After a string of Activia commercials, Curtis was happy "to be able to do something that has some depth."
It's been far too long since Jamie Lee Curtis has been front and center of a major movie release, but that's all about to change when "Halloween" hits theaters next month. The movie, picking up after the events of the 1978 horror classic, brings Laurie Strode back to life, and, in turn, Curtis back to the big screen.
While the character was unceremoniously killed off in "Halloween: Resurrection" back in 2002, that sequel and all the ones before it were wiped clean for director David Gordon Green's new film. This version of Laurie has clearly been through the ringer in the years since her friends were brutally murdered by Michael Myers on Halloween night, an approach Curtis found fulfilling.
"I'm happy, obviously, way happy that women over 50 can get a job and have a job that has depth. The thing that I took away form the movie was depth, emotional complexity, trauma, how does it manifest, how does it manifest in a family, how does it isolate you, how does it distance you from people, I thought all of that was great," she told TooFab at a press day for the film.
Curtis, now 59, jumped at the chance to step back into the 40-year-old role, a part she considers the most "rounded character" she "will ever get to play."
Though she says her parts in "True Lies" and "Freaky Friday" were both great and "beautifully written," Laurie stands out because of how different the character is from herself. "I, quite frankly, should have been cast in the smart ass [role]," said Curtis, referring to Nancy Kyes' Annie Brackett. The part was also the first time she got to play "a full character," instead of a walking coat hanger for a "cute pair of jeans."

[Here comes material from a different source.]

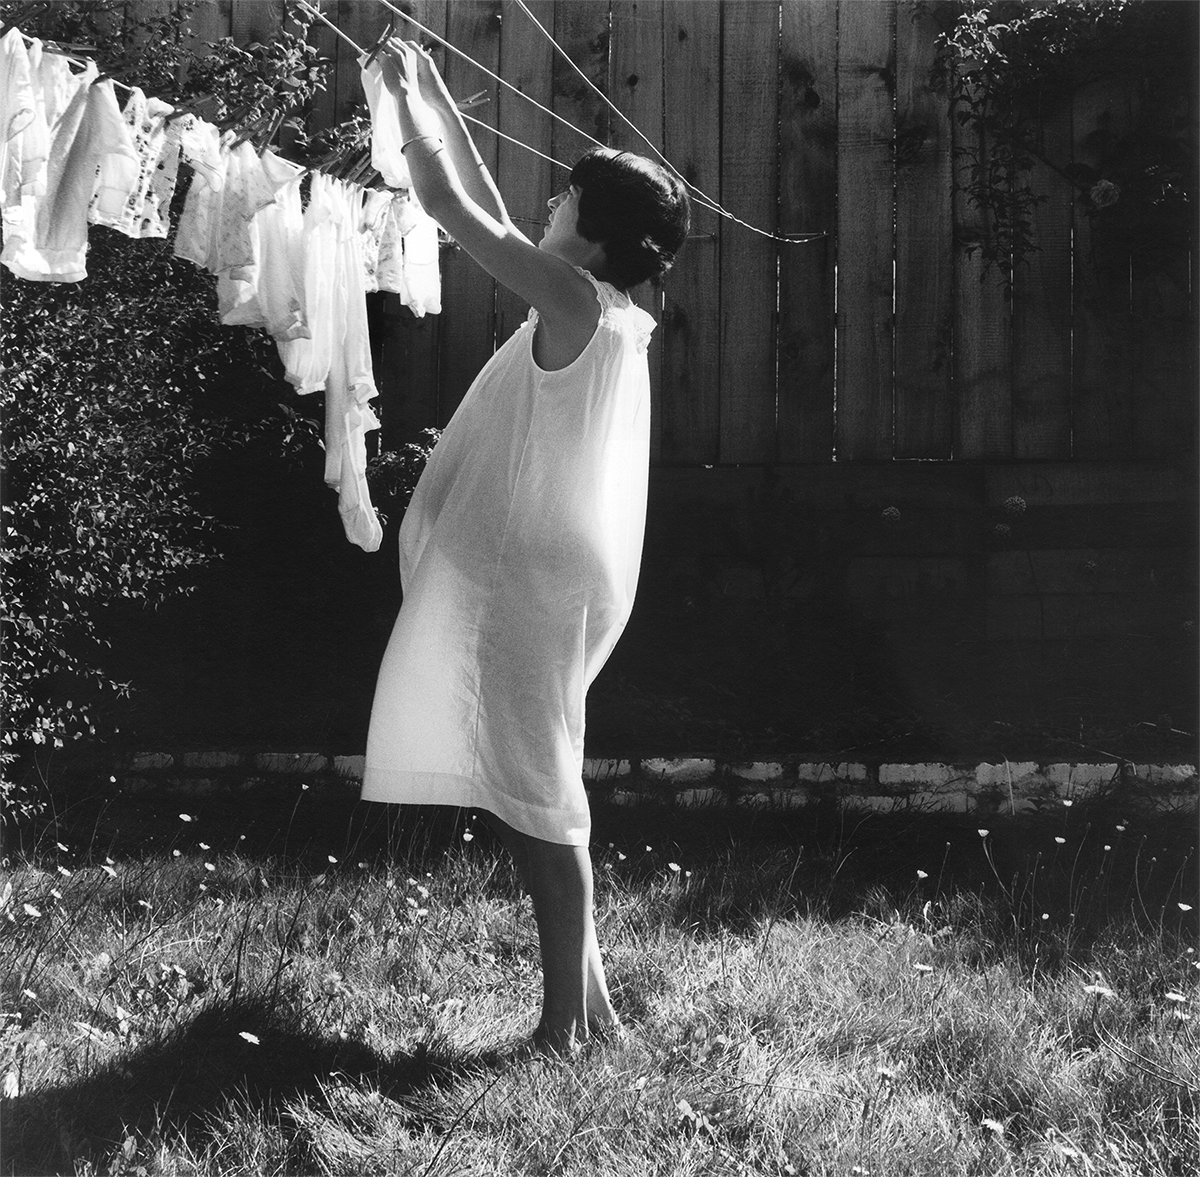 In this black-and-white photo, a light-skinned woman with short, dark hair stands in a backyard, hanging what looks to be baby clothes on a clothesline that is attached to w wooden fence. She wears a white sleeveless nightgown, under which the outline of her pregnant body is visible as the sun illuminates her and makes the gown transparent.

"The fact that [director John Carpenter] cast me as the intellectual, thinking, quiet girl, at a time when people asked me what size jeans I wore, made me understand that I was an actress and really what it is, is I became an actress," Curtis explained. "I don't think I was an actress before. I think I was just a performer and I became an actress on 'Halloween.'"
"And David [Gordon Green], I'll literally start to sob at the table and that would be embarrassing, but I really do believe that David gave me a chance to be an actress again," she continued. "Because I haven't. I sold yogurt that makes you shit for 7 years. And it's really beautiful to be able to have done something that has some depth. It's been amazing."
This new version of Laurie is the complete opposite of the ones fans saw in 1978. Instead of running from Michael, she's on the hunt after 40 years preparing for his eventual return to Haddonfield. She's clearly suffering from PTSD, lives alone in a secluded bunker of a house and has driven off her family.
All these years later, she seems to share the same obsession over Myers that Dr. Loomis (the late, great Donald Pleasance) had in the previous films.
"Now, there are a lot of people that spend their lives helping people through traumas, there are a lot of trauma centers, there are a lot of recovery centers for that," explained Curtis. "There was nothing in 1978. I believe Laurie Strode went to school November 1. I think she went to school with a bandage on her arm, maybe some stitches from the emergency room. I think her parents sent her back to school."
"Two days before, she was an intellectual honor student, heading off to be the valediction of her class, no doubt," she continued. "She was going to get out of Haddonfield, she was going to go off and expand her mind. And two days later, she was a freak. Two days later, she walked down the hall and everyone was [whispering]. That's the trauma that violence does to people."
Watch Laurie work through her physical and emotional demons when "Halloween" hits theaters October 6.